Cambridge Pays $389K Restitution, $200K FINRA Fine in Reg BI UIT Case

Independent broker-dealer Cambridge Investment Research Inc. has been censured and fined $200,000 by the Financial Industry Regulatory Authority after the regulator found the firm failed to adequately supervise a registered representative who repeatedly recommended that customers sell unit investment trusts, or UITs, before their maturity dates, racking up nearly $390,000 in unnecessary costs for 184 retail clients over nearly three years.
The enforcement action, formalized through a letter of acceptance, waiver, and consent, or AWC, covers conduct from June 30, 2020, through February 2023. Cambridge, a FINRA member since December 1995, operates approximately 2,800 branch offices and employs roughly 4,900 registered representatives.
The case centers on a now-terminated representative whose UIT trading activity generated an outsized share of the firm’s internal compliance alerts. Although his recommendations accounted for only about 10% of Cambridge’s total UIT business, they produced roughly 60% of all firm-wide trade alerts for early UIT rollovers during his tenure.
UITs are SEC-registered investment vehicles that hold a fixed portfolio of securities and terminate on a specified maturity date, typically after 15 or 24 months. They carry meaningful upfront costs – including deferred sales charges of 1.35% to 2.30%, a 0.5% creation and development fee, and organization costs of 0.25% to 0.75%. When a customer holds a UIT to maturity, those costs are spread across the full investment period; when a representative recommends early redemption and reinvestment into a new UIT, the costs compound. A customer who cycled through three UITs in a 15-month window, for example, could pay sales charges of 6.45% or more, versus roughly 2.15% for a single buy-and-hold position.
The representative’s customers sold 90% of their UIT positions before maturity, typically rolling proceeds directly into new UITs. On average, customers held their UITs for only 56% of their term lengths. Collectively, those recommendations caused 184 customers to incur at least $389,200.62 in costs they would not have faced had they held their positions to maturity.

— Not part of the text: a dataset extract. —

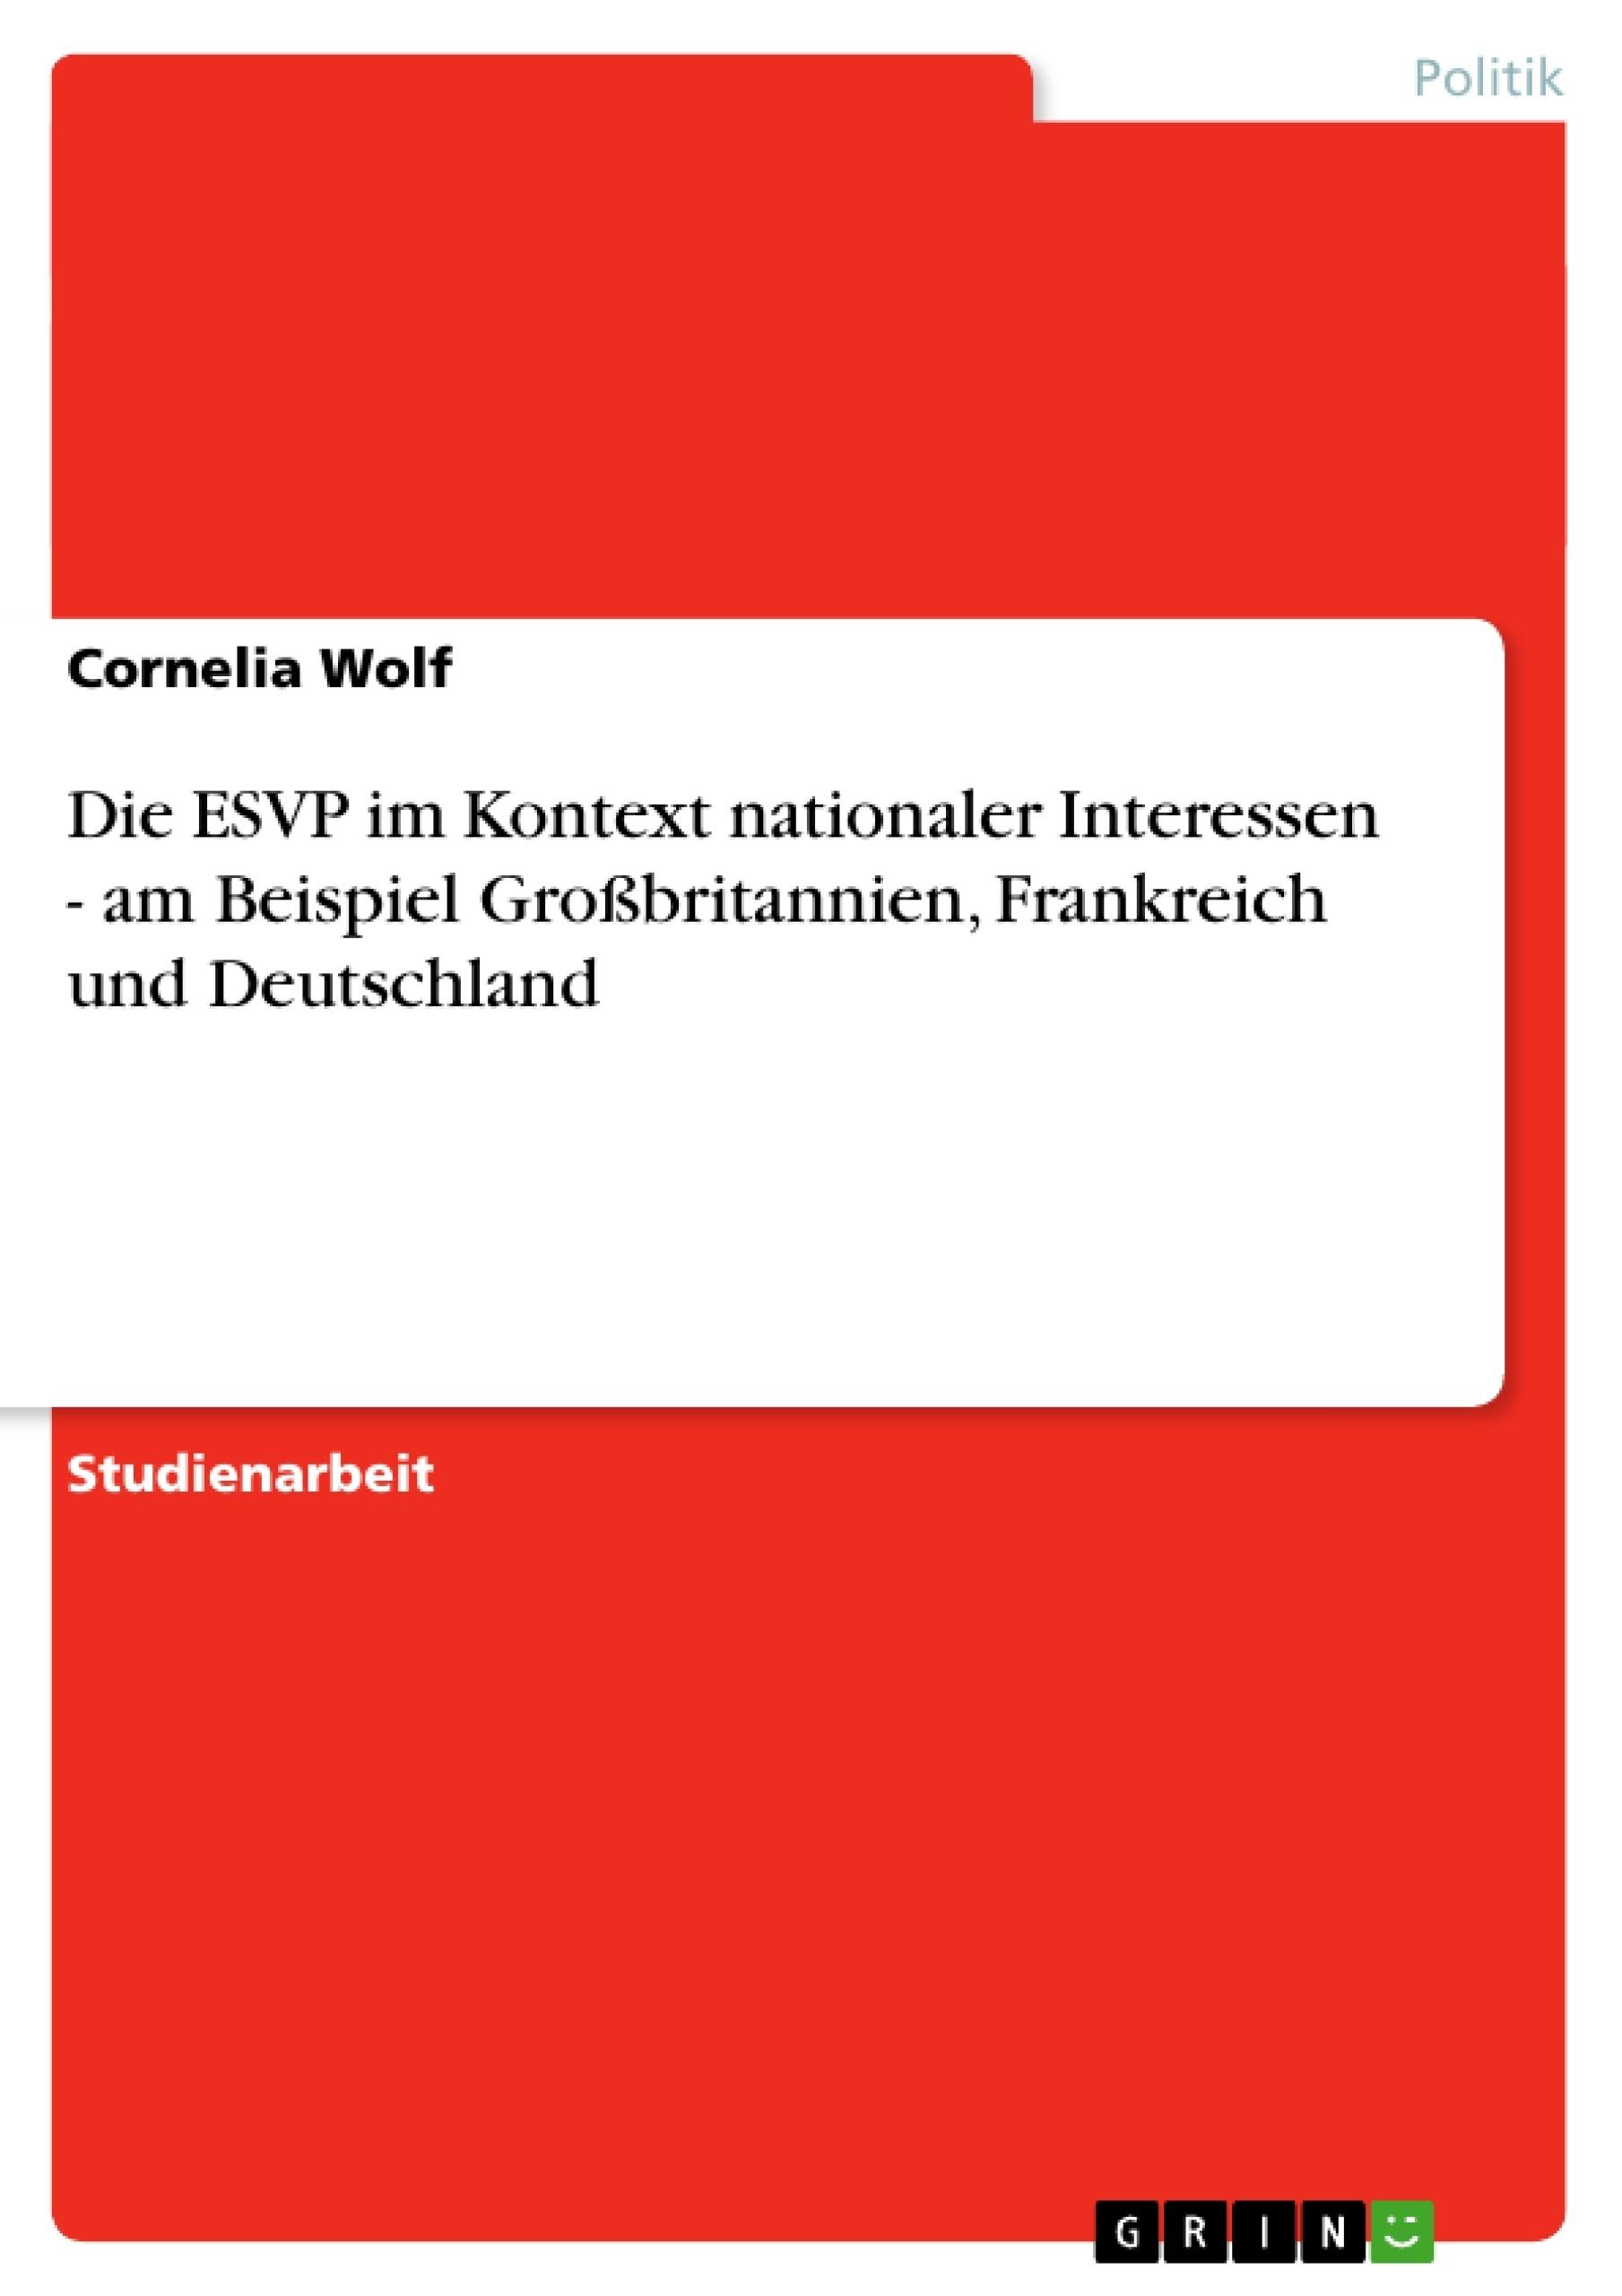 Titel: Die ESVP im Kontext nationaler Interessen - am Beispiel Großbritannien, Frankreich und Deutschland
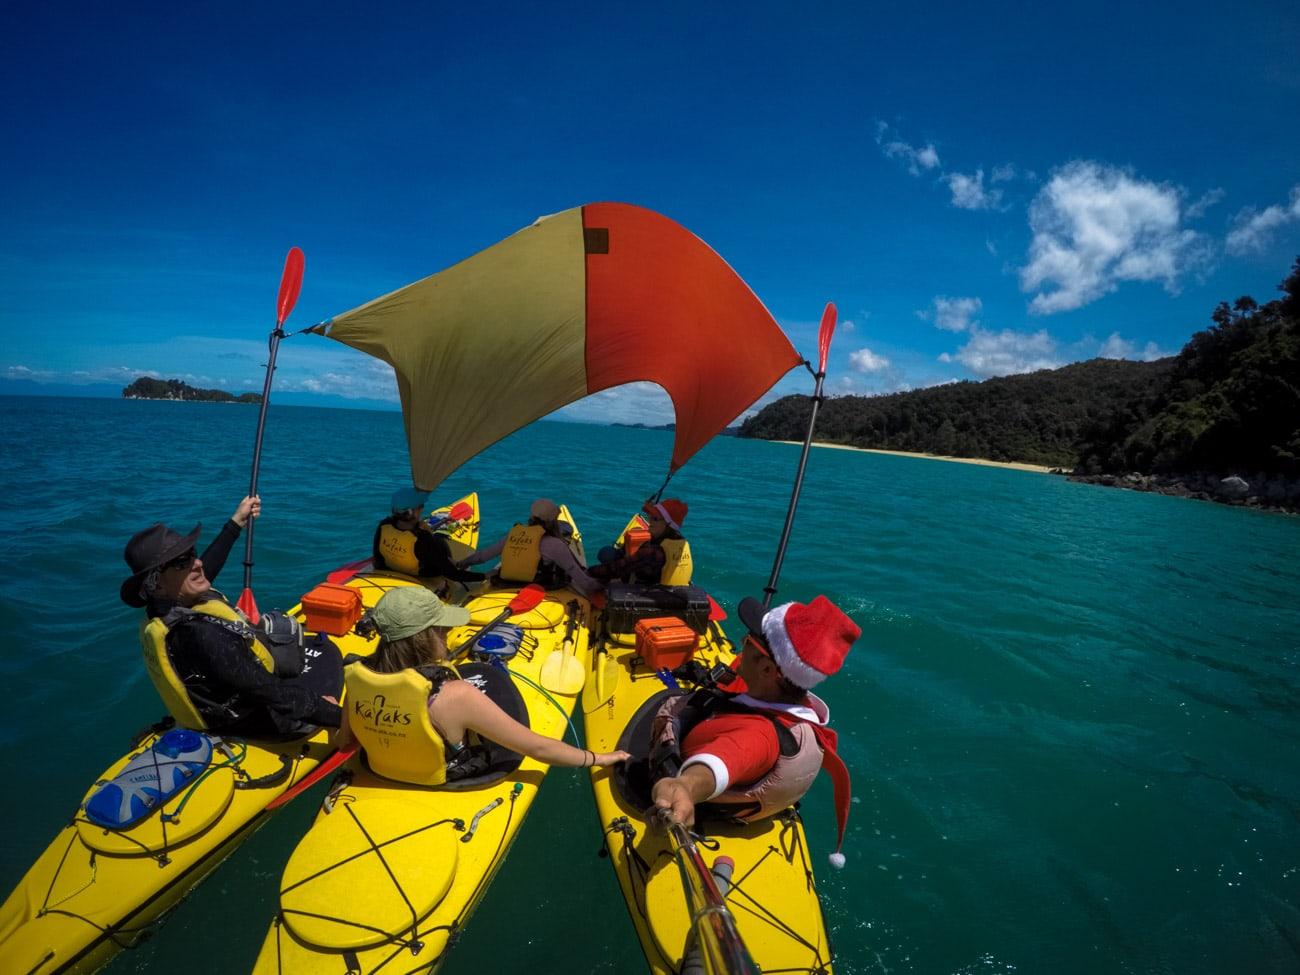 kayak-sailing in Abel Tasman National Park

The Cambridge case is notable not only for the representative’s conduct but for the extended period during which internal warnings went unheeded. As early as June 2020, supervisory personnel had begun escalating concerns — both about the volume of alerts the representative was generating and about the vague justifications he provided for his recommendations. By May 2021, compliance staff had separately flagged his pattern of selling UITs well ahead of their maturity dates.
Despite these repeated escalations, FINRA said the firm failed to take meaningful action. Supervisors did not challenge the representative’s stated rationales, nor did they conduct a substantive evaluation of the added costs his recommendations were imposing on customers. Cambridge’s supervisory system, while capable of generating alerts, was not backed by a sufficiently rigorous investigative response, FINRA found.
It was not until January 2023, when compliance personnel escalated directly to senior compliance leadership, that Cambridge took decisive action, conducting a formal investigation and terminating the representative the following month. FINRA has separately barred the representative from the securities industry for failing to respond to a Rule 8210 request for information.
FINRA acknowledged Cambridge’s proactive steps once the firm did act. Before regulators launched their own inquiry, Cambridge had terminated the representative, engaged an outside consultant to calculate customer harm, and voluntarily paid $389,200.62 in restitution to all 184 affected customers in April 2023. Those steps were credited in determining the final sanctions, which consisted of the censure and the $200,000 fine.
Reg BI Dimension
The case is also an early example of FINRA enforcement directly tied to Regulation Best Interest’s care obligation. Reg BI took effect on June 30, 2020 — the start date of the violation period cited in the AWC. Under the care obligation, broker-dealers must exercise reasonable diligence, care, and skill to ensure that recommendations are in the best interest of retail customers. Cambridge’s failure to supervise the representative’s UIT churn, FINRA found, meant the firm was not meeting that standard.
Cambridge Investment Research, headquartered in Fairfield, Iowa, operates Cambridge Investment Research Advisors Inc., a large corporate registered investment adviser.